Recommendation 4 (Modifications to the Income Tax Act)

The committee recommends that the Government of Canada urgently review and amend the Income Tax Act and all other related acts, as needed, to ensure that registered Canadian charities and non-profit organizations that produce or promote misinformation and/or disinformation about the seal harvest or seal products industry have their tax-exempt status revoked.

In addition, the committee recommends that the Government of Canada amend the Income Tax Act to require registered Canadian charities and non-profit organizations to fill out information returns about donors, similar to those that are prescribed for registered journalism organizations in section 149.1(14.1) of the Act, which includes a public information return for the year in the prescribed form that lists each donor whose total gifts to the organization in the year exceed $5,000.

 

The first part deals with misinformation.   Generally, I am not a fan of misinformation and/or disinformation!   It appears to me that any registered charity (unlike a non-profit organization that is held to a much lower standard) that is involved with the dissemination of “misinformation and/or disinformation” should be able to be revoked by the Charities Directorate.  Special legislation is not needed for dissemination of misinformation and/or disinformation specifically related to the seal hunt.
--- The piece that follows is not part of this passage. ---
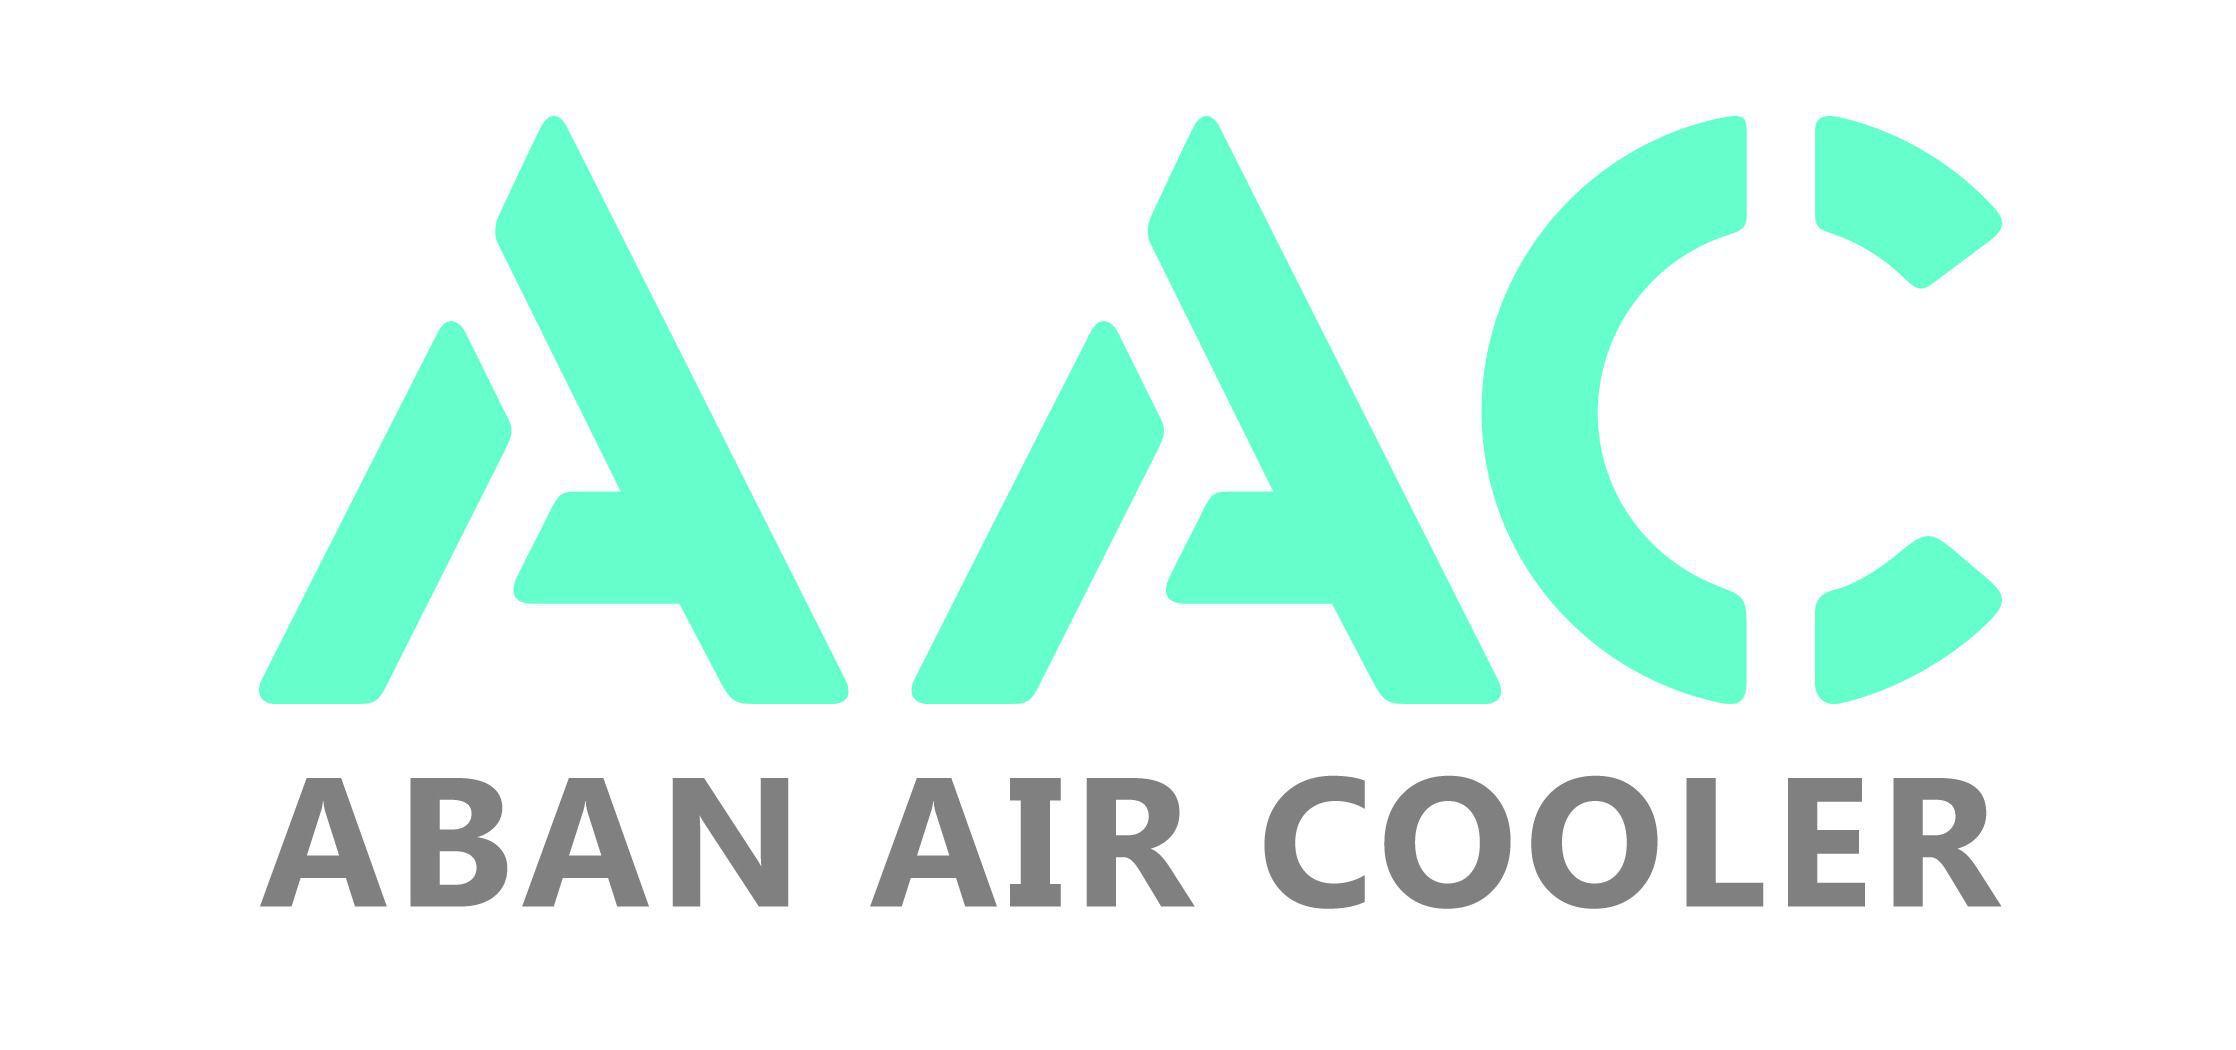 شرکت کولرهای هوایی آبان

If I am wrong about that, then the ITA should be amended to make it clear that the dissemination of “misinformation and/or disinformation” should be grounds for revocation – but not specifically to any one area, such as seals or crisis pregnancy centres, etc.  but for all information provided by registered charities.  I hope that the ITA will not become some tool to oppress particular groups that another group does not like.  Registered charities are not only supposed to carry out charitable activities but also to do so in a way that has a public benefit.  I think it is an easy argument that “misinformation and/or disinformation” is not a public benefit but may also be illegal.  Registered charities are not allowed to conduct illegal activities.
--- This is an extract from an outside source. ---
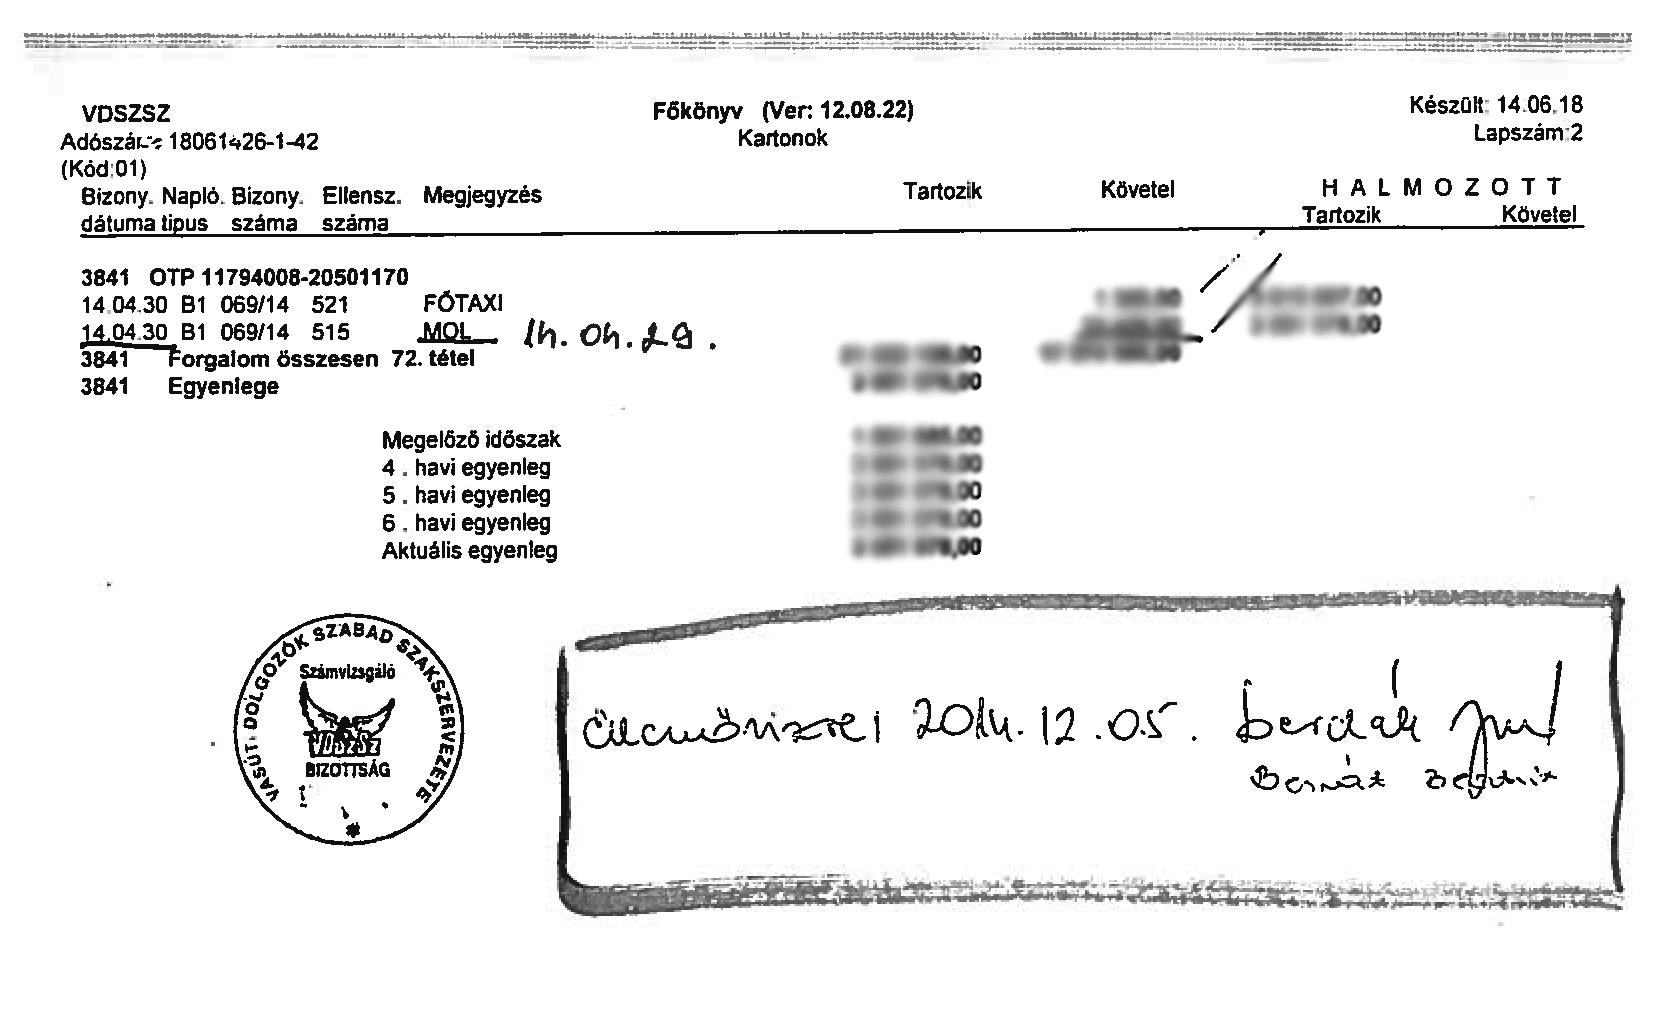 Fény derült a 130.000.-es tankolás sötét titkára - Szándékosan téveszti meg a sajtót a VDSzSz Szolidaritás vezetése

I often compare registered charities to people such as judges and preschool teachers.  No one has absolute freedom of speech in Canada, but more importantly, registered charities, judges and preschool teachers have less freedom of speech than an average person on the street. If you want to be a registered charity, a judge, or a preschool teacher, you should accept and understand that. If you don’t accept that, you are probably working in the wrong job or at the wrong organization.

The second idea of having all donors who give over $5,000 be included in the T3010 is a complicated idea.  First of all, considering this requirement for both non-profits and registered charities together is problematic.  Many non-profits have no filing requirements at all.   Only about a third have to file the T1044.  Many who are incorporated would file the T1.    Every registered charity needs to file a T3010 every year.  So non-profits and charities are two very different situations.   Here is my submission to the Finance Committee of the House of Commons on improving transparency in the non-profit and charitable sector: Blumbergs’ Pre-Budget Submission for the 2024 Canadian Federal Budget. We have been making similar submissions for about a decade with little effect.

I can think of many things I would want to know about non-profits before getting a list of their donors.    With respect to charities in certain jurisdictions around the world, there is a disclosure requirement for major donors.  These are often challenged as an invasion of privacy.  I don’t have a problem with major donors being disclosed in the same way that when a foundation gives money to a charity, it is also disclosed.  However, again, I can think of many other things that are more important than this.   In most cases, by the way, major donors are not only disclosed but also recognized and celebrated.  At the moment, Canadian registered charities have no obligation to disclose any of the political work they are doing on their T3010.  When a $330 billion sector can get away with no disclosure of political activities, that is a recipe for distrust and people inappropriately using charities.   So before worrying about major donors and their influence, perhaps we should have one or two questions on the political activities of charities.